Task statement: Look through the entries below for the line with "The Gingham Sailor" and the line with "OLD FREEHOLD RACEWAY", then give again exactly those two lines and all lines between them, minus the pictures.

Materials provided:
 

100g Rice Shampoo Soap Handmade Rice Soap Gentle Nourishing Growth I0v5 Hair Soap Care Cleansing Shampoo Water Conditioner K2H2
==
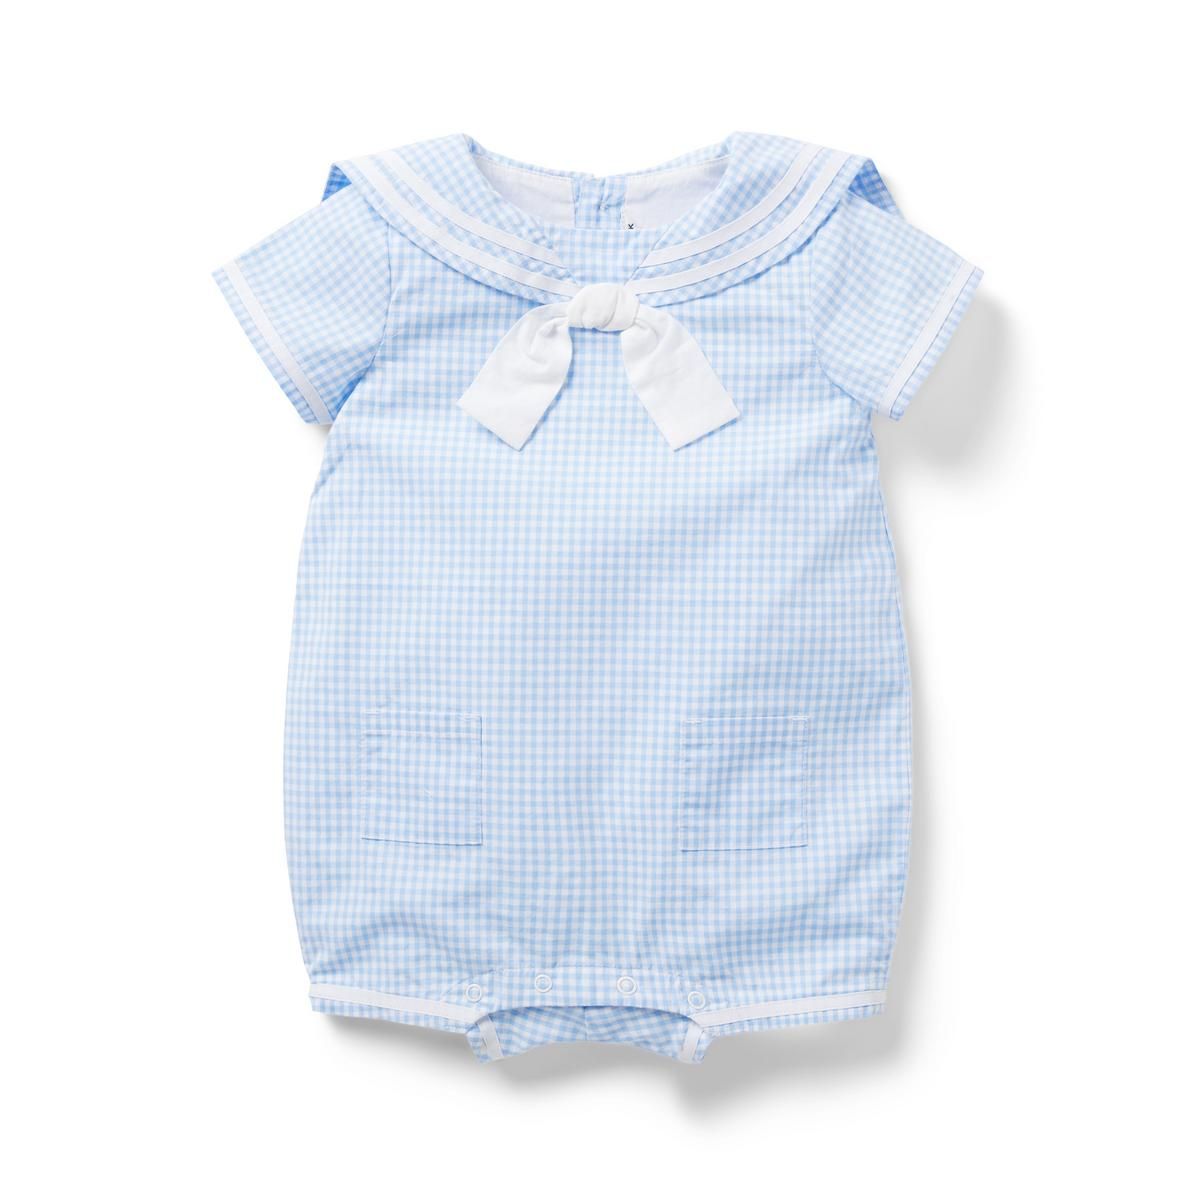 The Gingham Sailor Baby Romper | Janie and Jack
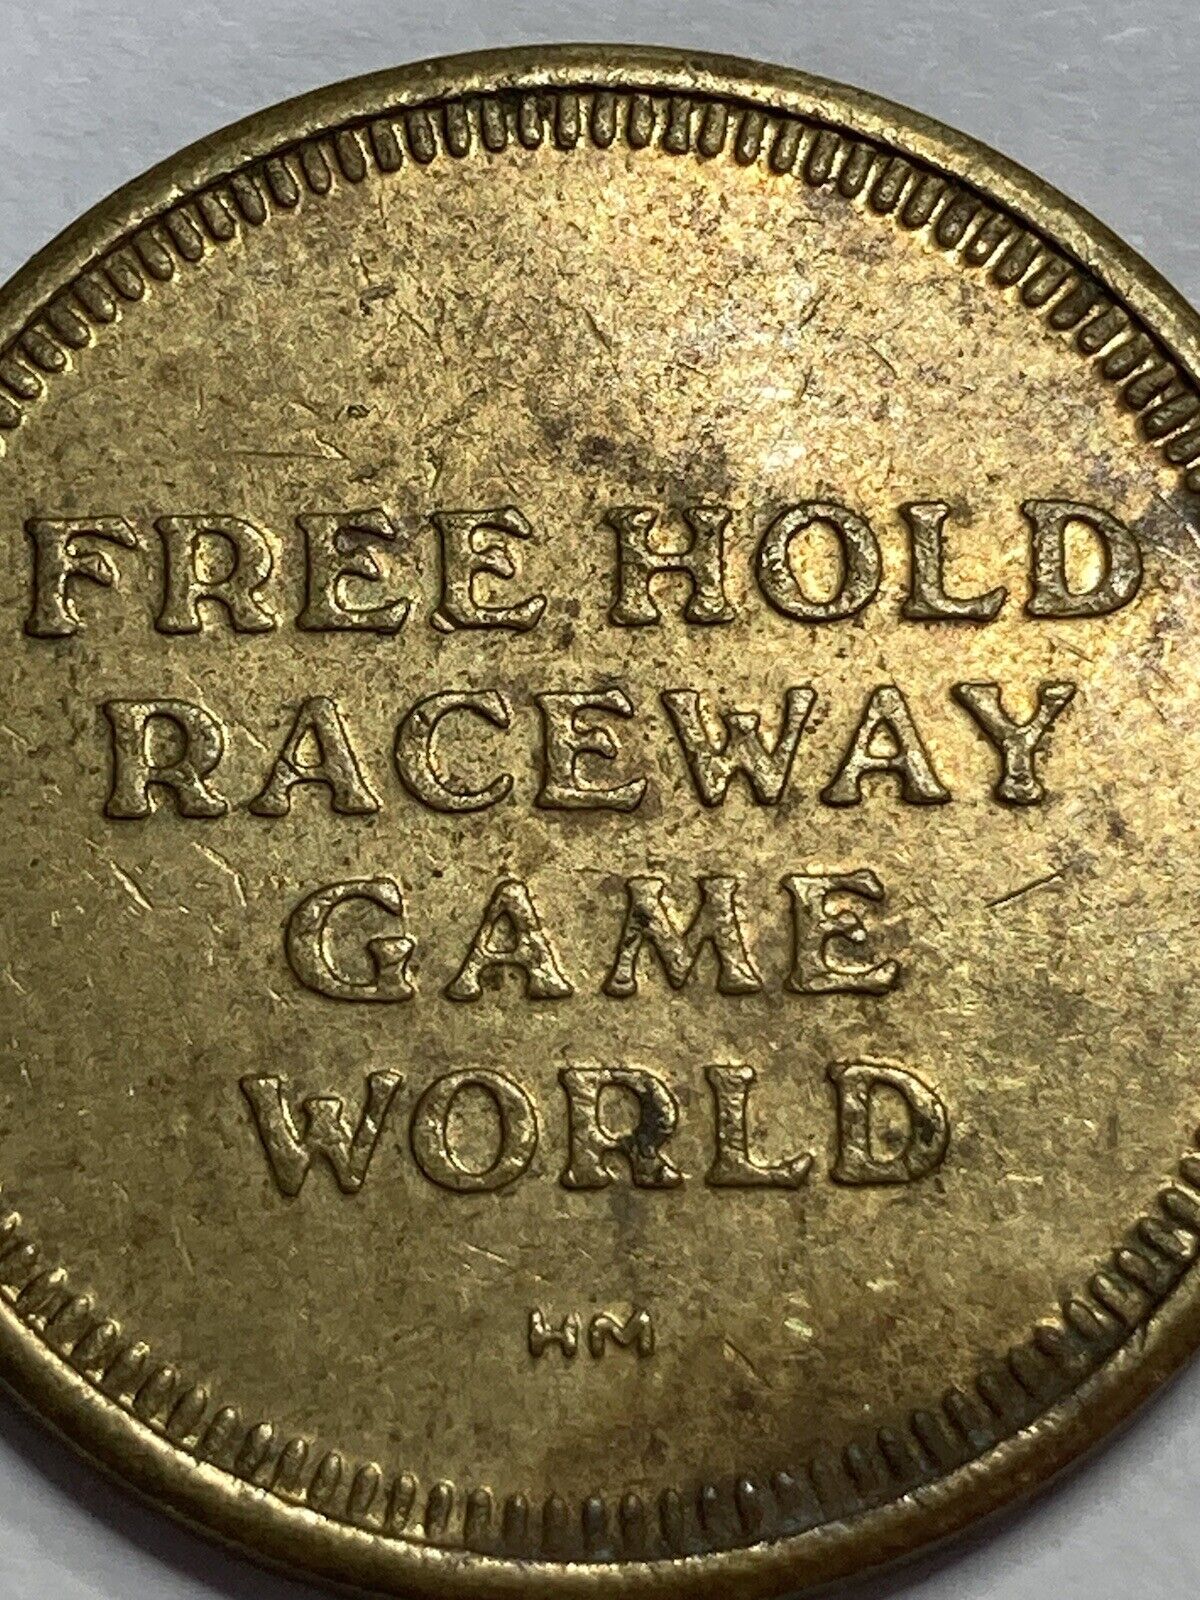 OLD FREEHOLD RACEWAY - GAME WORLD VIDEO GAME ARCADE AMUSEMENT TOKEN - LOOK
...
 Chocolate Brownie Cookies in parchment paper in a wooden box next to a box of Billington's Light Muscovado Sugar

Output of the exercise:
 The Gingham Sailor Baby Romper | Janie and Jack
 OLD FREEHOLD RACEWAY - GAME WORLD VIDEO GAME ARCADE AMUSEMENT TOKEN - LOOK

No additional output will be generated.